● AVAILABLE DATA
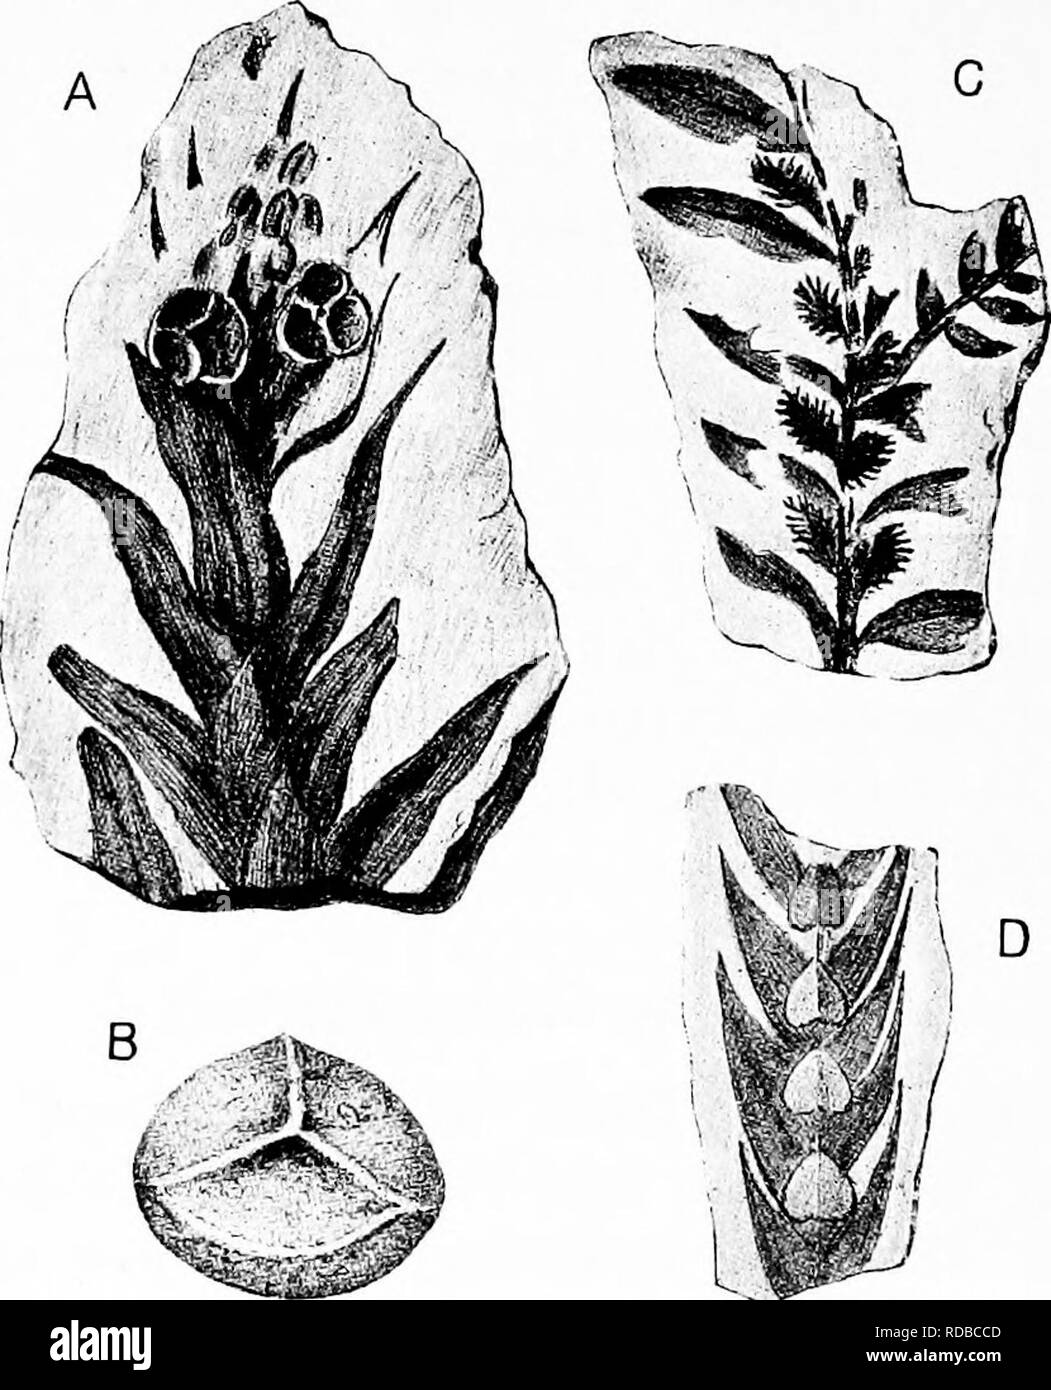 . Fossil plants : for students of botany and geology . Paleobotany. 80 LYCOPODIALES [CH. phylly. The shoots closely resemble Selaginellites primaevus^ (Gold). Lycopodites Zeilleri Hailed Fig. 135, C. Halle has founded this species on specimens, from the Coal- Measures of Zwickau in Saxony, characterised by dimorphic. Fig. 135. Selaginellites and Lycopodites. (After Halle.) A. Selaginellites primaevus [Gold.), x 10. B. MegiiSTpore oi Selagitiellites elongatus {Goi.). x 50. C. Lycopodites Zeilleri Halle. (Nat. size.) D. Selaginellites elongatus (Gold.), x 2. lanceolate leaves in four rows, the  Stock Photo
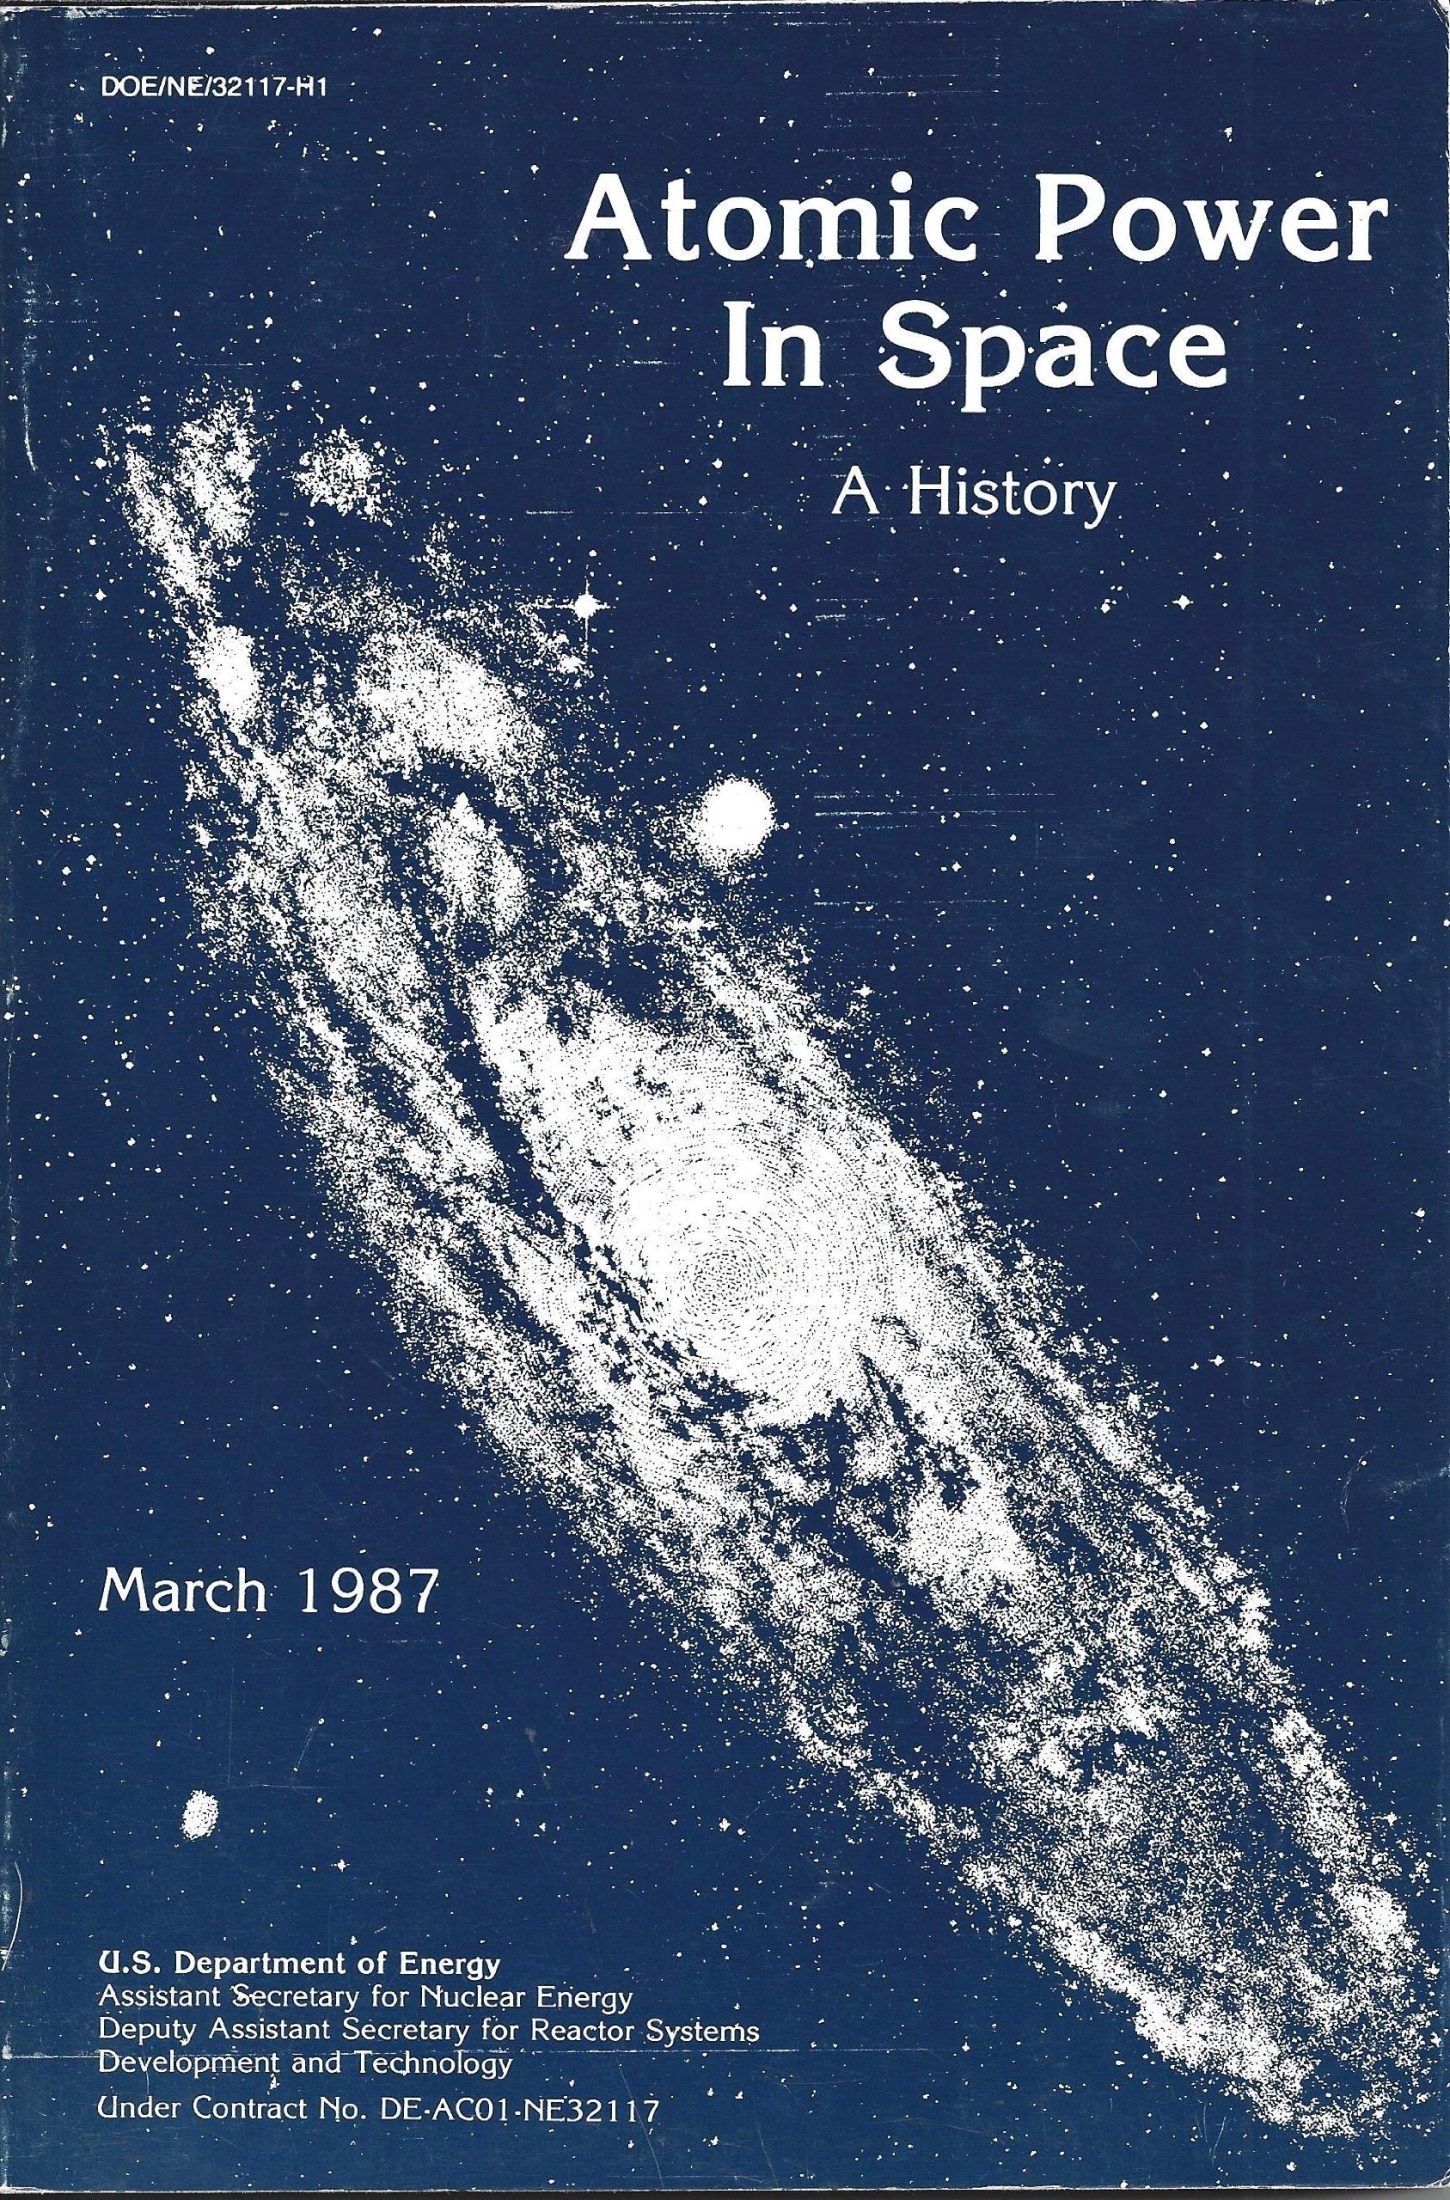 Atomic Power in Space: A History
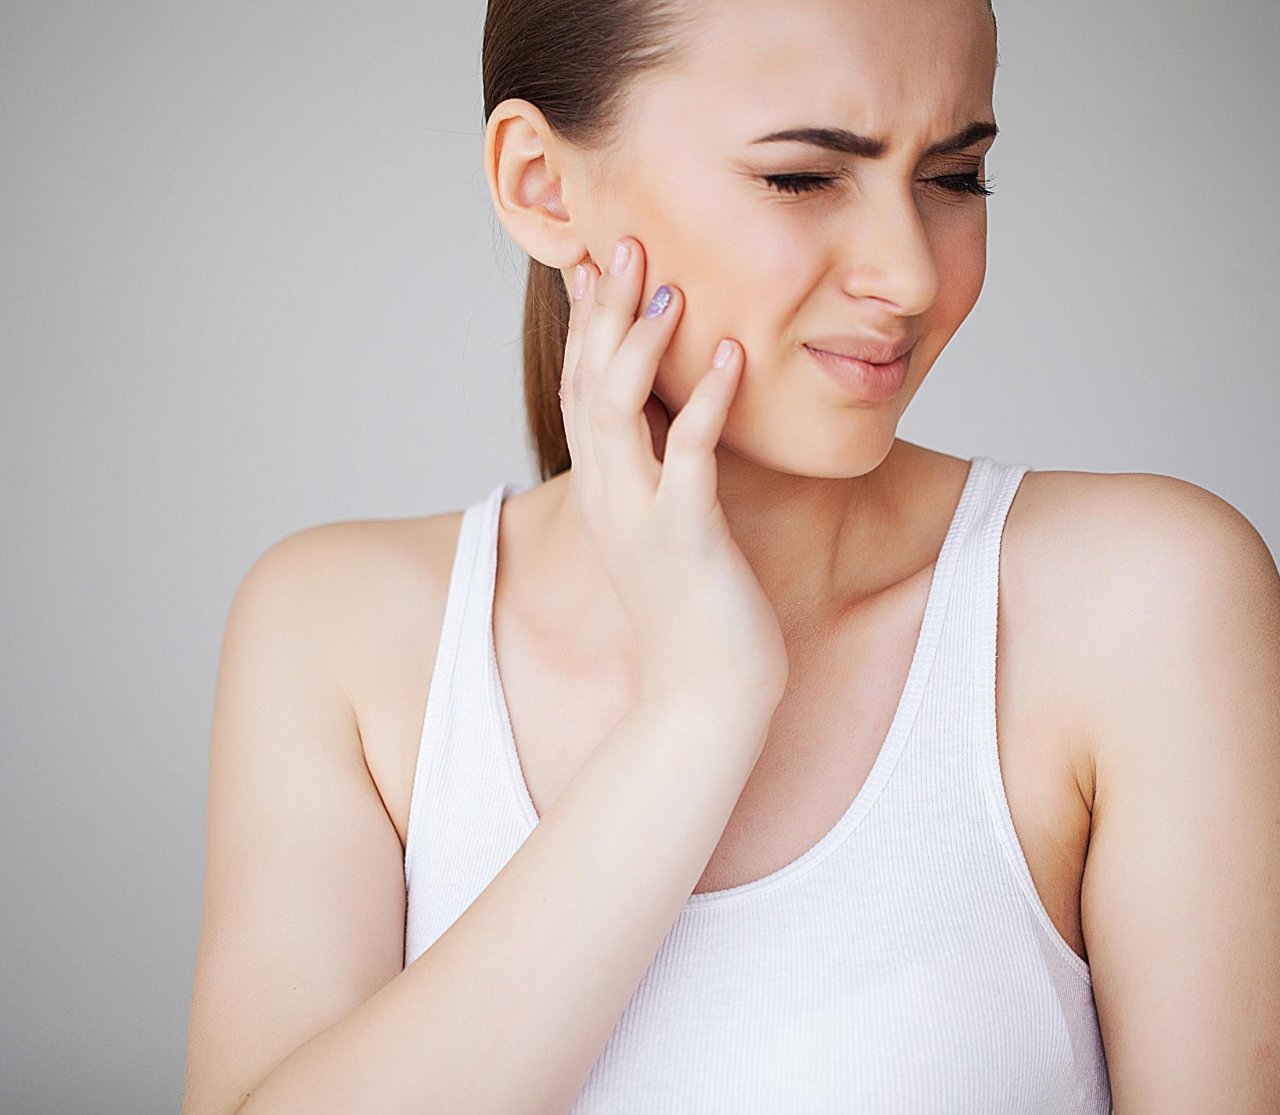 Woman experiencing jaw pain, holding jaw in pain and grimacing

● TASK PROMPT
Restate every line of the listing exactly. Pictures are not part of the copy.

● REPLY TO THE TASK
 . Fossil plants : for students of botany and geology . Paleobotany. 80 LYCOPODIALES [CH. phylly. The shoots closely resemble Selaginellites primaevus^ (Gold). Lycopodites Zeilleri Hailed Fig. 135, C. Halle has founded this species on specimens, from the Coal- Measures of Zwickau in Saxony, characterised by dimorphic. Fig. 135. Selaginellites and Lycopodites. (After Halle.) A. Selaginellites primaevus [Gold.), x 10. B. MegiiSTpore oi Selagitiellites elongatus {Goi.). x 50. C. Lycopodites Zeilleri Halle. (Nat. size.) D. Selaginellites elongatus (Gold.), x 2. lanceolate leaves in four rows, the  Stock Photo
 Atomic Power in Space: A History
 Woman experiencing jaw pain, holding jaw in pain and grimacing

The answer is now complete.